Ella le miró con curiosidad. En verdad, algo extraño había sucedido. Se habían citado en el Trascoro y, sin embargo, algo le había delatado la presencia del capitán en el Crucero del templo. ¿Qué?… No podría determinarlo. Con frecuencia le ocurrían cosas por el estilo. En el cine, en la calle, había sentido la sensación de ser mirada. Volvía la cabeza y siempre encontraba unos ojos fijos en ella. Algunas veces, en su constante deambular por calles y callejas de la ciudad, había sentido también la sensación o el presentimiento de que iba a tropezar con alguien al doblar la esquina. Y así sucedía… No sentía pasos. No oía una voz. Ningún ruido. Pero al volver la esquina se encontraba, invariablemente, con alguien.

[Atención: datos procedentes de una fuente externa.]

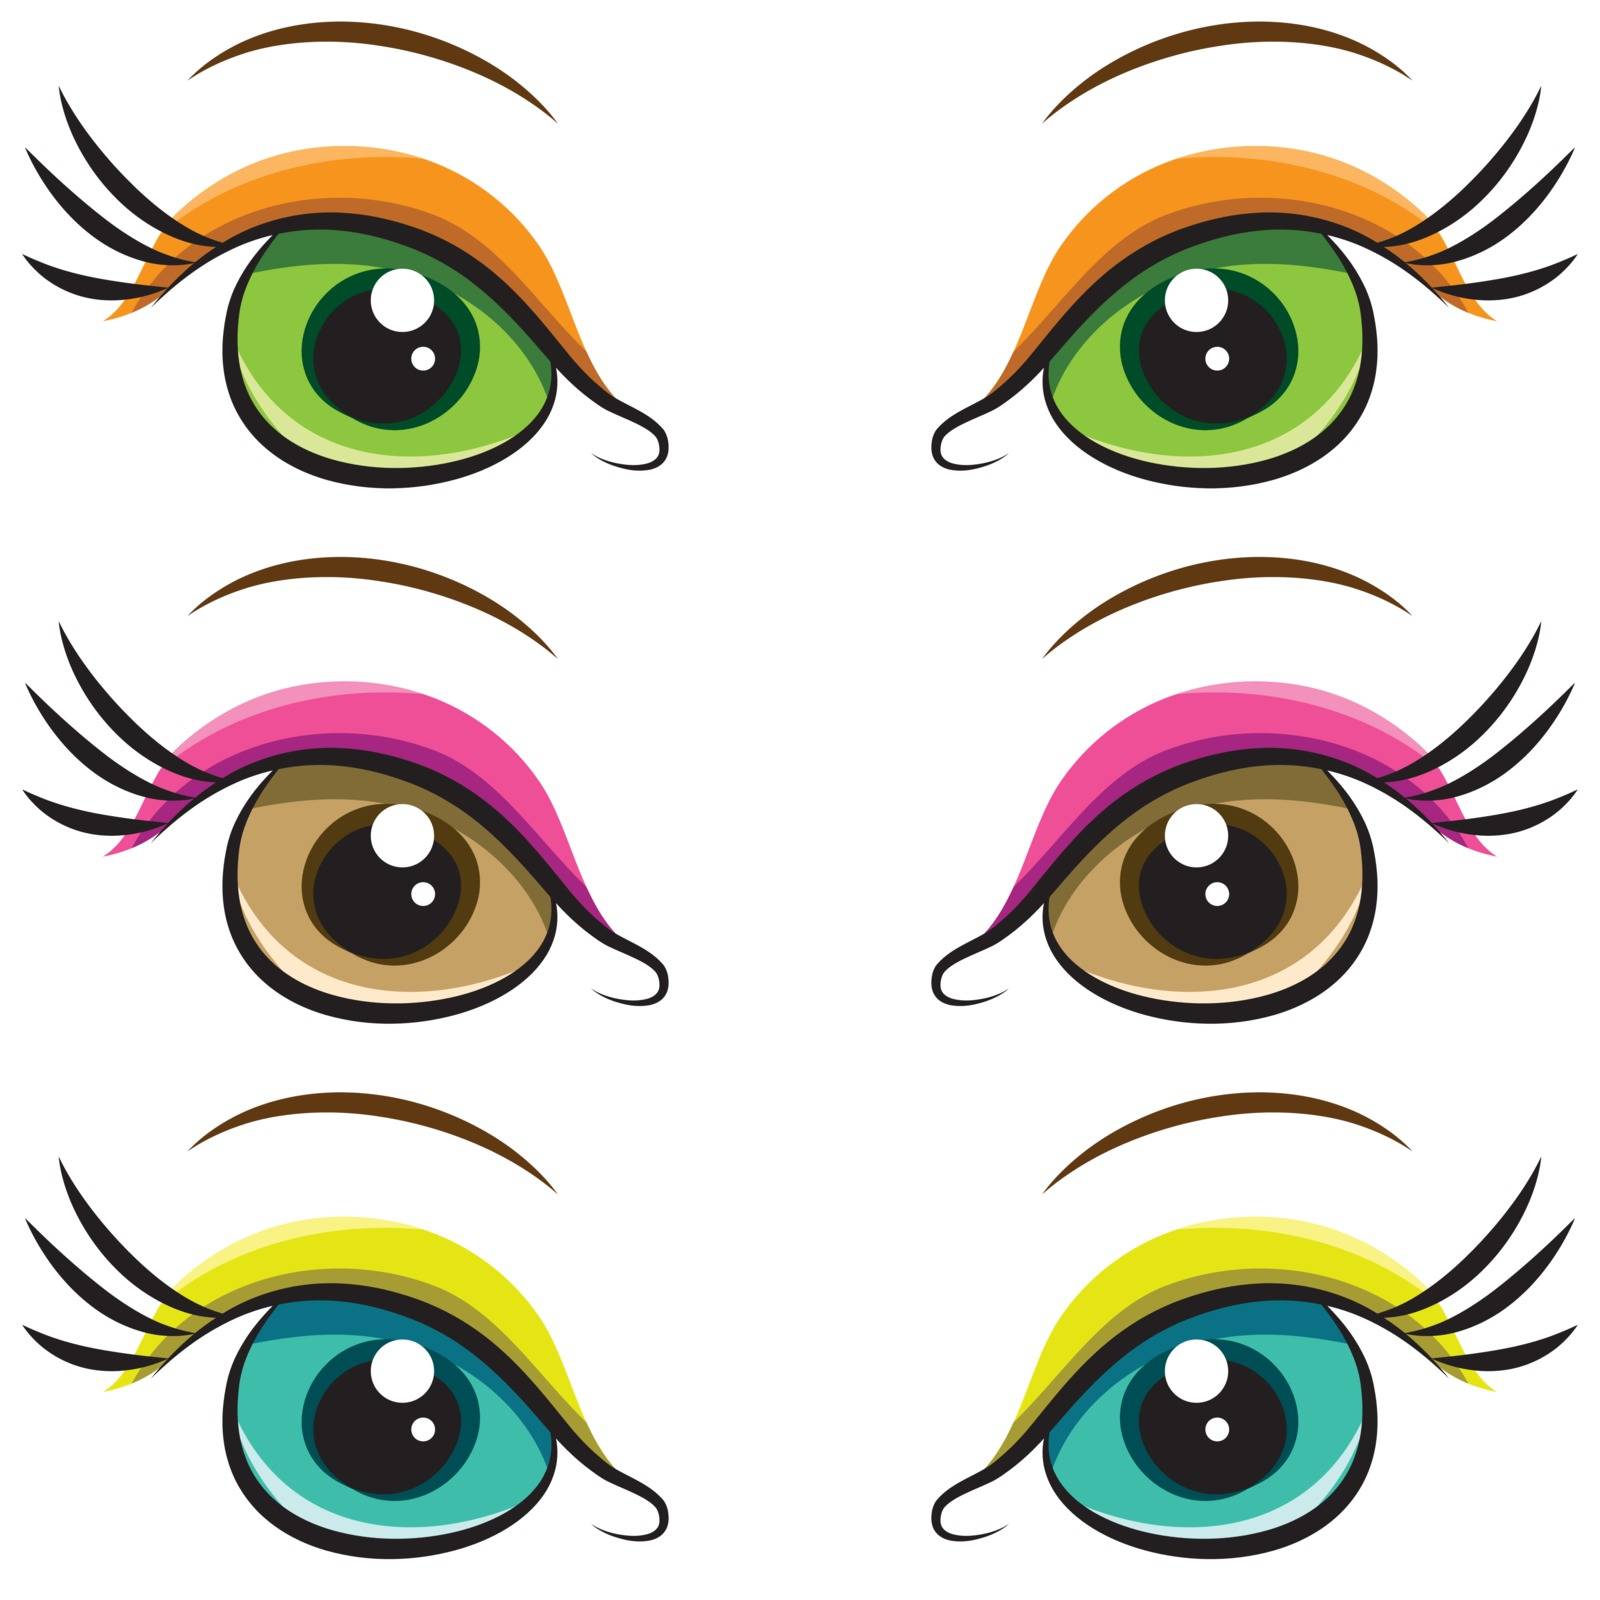 Set of several pairs of eyes. vector

Lena sonrió pensando que si en realidad existía un sexto sentido, ella debía de tenerlo muy desarrollado.
—Vamos por aquí, nena —le dijo Jáuregui con cierta prisa—. Vamos a contemplar, si te parece bien, esa magnífica filigrana de piedra, que tal vez desconozcas.
En efecto, Lena Rivero la desconocía. Había nacido y vivido siempre en Oviedo y no recordaba haber visitado nunca el hermoso claustro de la Catedral.

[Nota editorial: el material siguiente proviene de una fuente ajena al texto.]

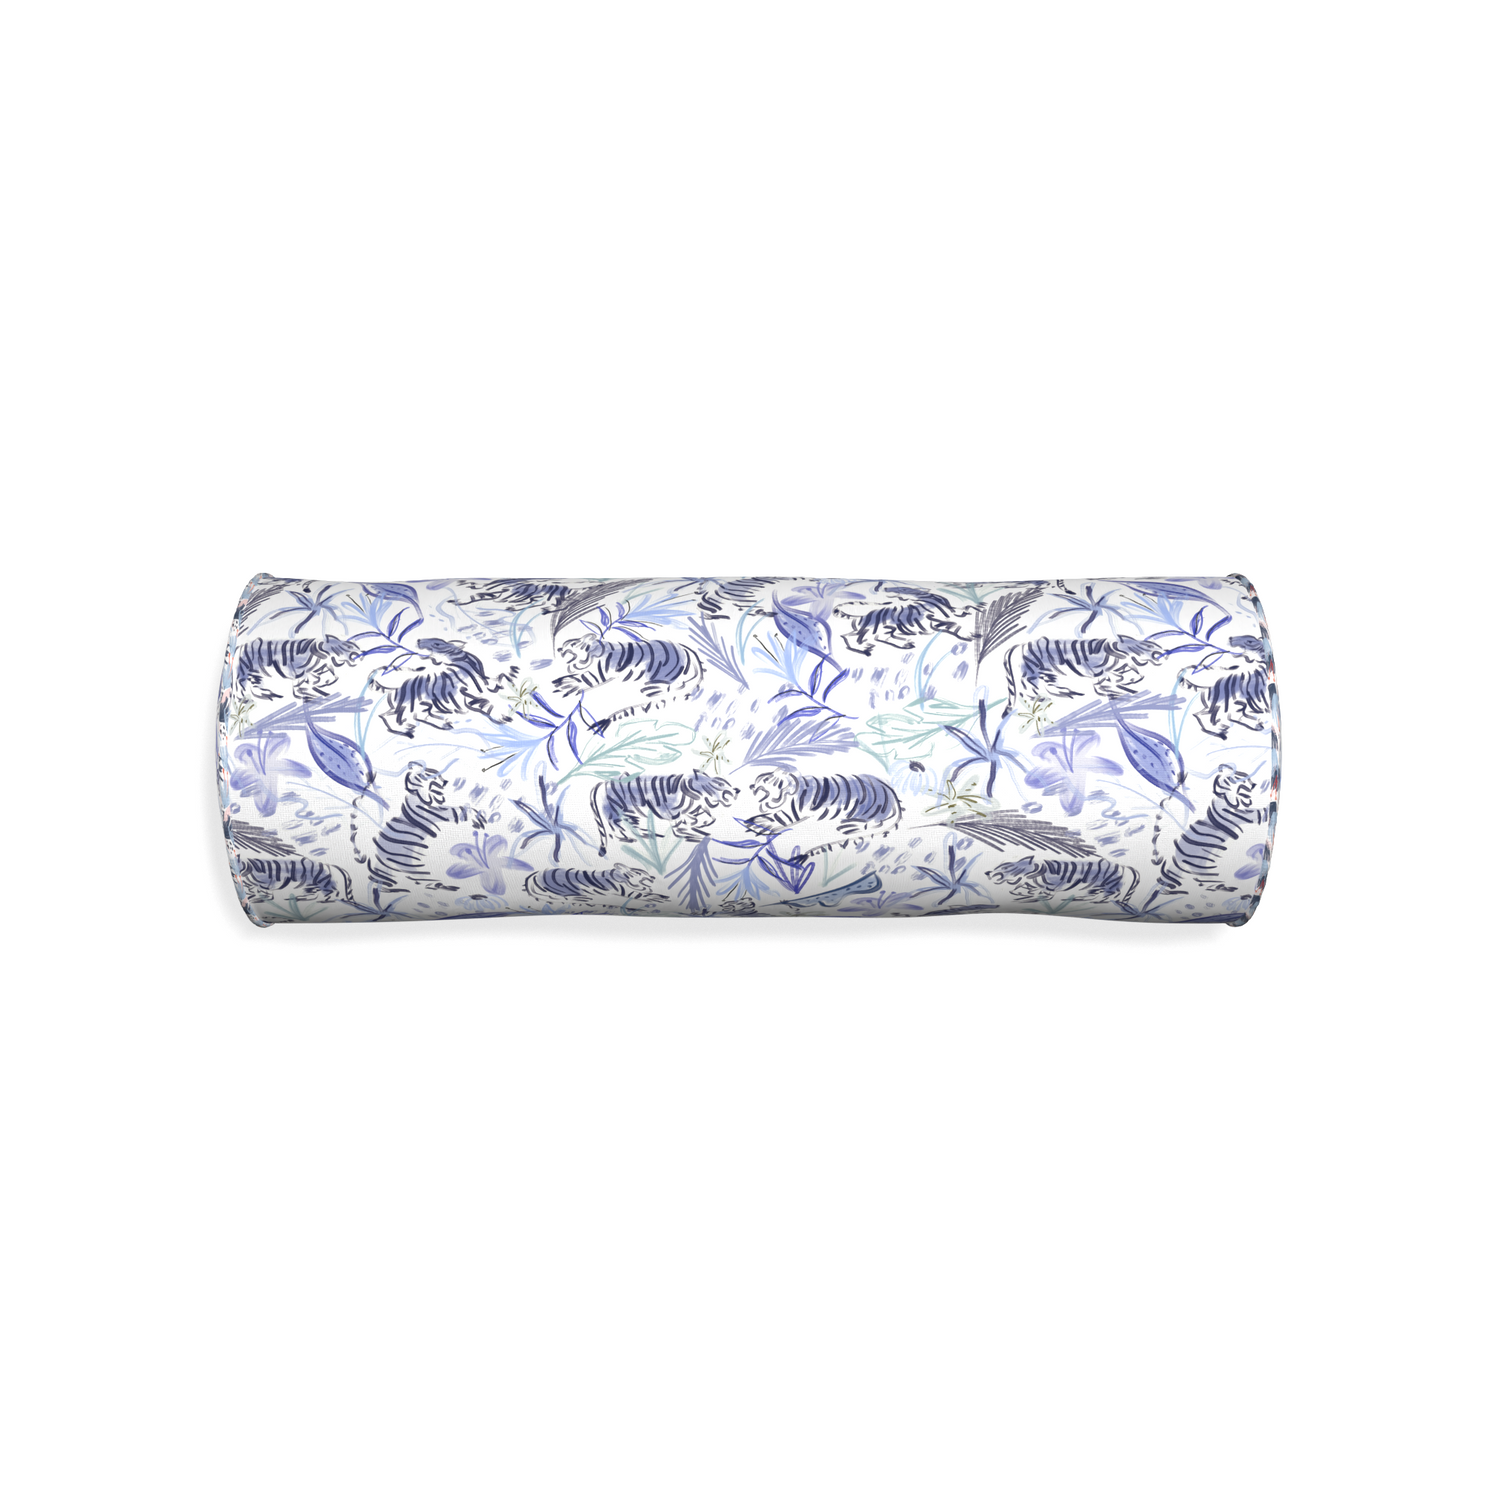 Bolster frida blue custom blue with intricate tiger designpillow with e piping on white background

Un poco avergonzada de su ignorancia, tuvo que confesarlo:
—Pues… no, no lo conozco.
Lo recorrieron todo. Estaba, como el templo, solitario. Y como los lugares solitarios siempre habían ejercido sobre ella un especial sortilegio, se quedó como hechizada, contemplando la belleza del claustro, para ella doblemente atractivo. Su delicada arquitectura, su silencio, su paz mística y suave, turbada sólo por la música de los pájaros, le producía una sensación tan limpia de placer, que se olvidó del verdadero motivo de su visita. Se olvidó de los libros, del álbum, hasta del propio capitán, impresionada por la belleza y serenidad del claustro.
—¡Qué maravilla! —exclamó en el colmo de su admiración—. ¡Qué grandes cosas hacen los hombres cuando miran al Cielo!…
Jáuregui no era un hombre inteligente. Por lo menos, en cuanto al conocimiento de la mujer se refiere. A pesar de su trato con las damas y de sus aventuras, más o menos fugaces y furtivas, desconocía la psicología de la mujer y tuvo la desafortunada ocurrencia de intentar romper el artístico entusiasmo de la muchacha con una galantería vulgar:
—No hace falta levantar los ojos al cielo para fabricar una maravilla. ¡Que se lo digan al señor Rivero!… Tú eres mucho más bonita que estas piedras. Mucho más bonita, Lena…
Jáuregui se había colocado detrás de la joven, reteniéndola suavemente por los brazos. Su boca estaba tan cerca de los cabellos de ella, que su aliento le cosquilleaba la nuca. El menor movimiento que Lena hiciese volviéndose hacia él, le permitiría rozar sus mejillas, y hasta alcanzar sus labios.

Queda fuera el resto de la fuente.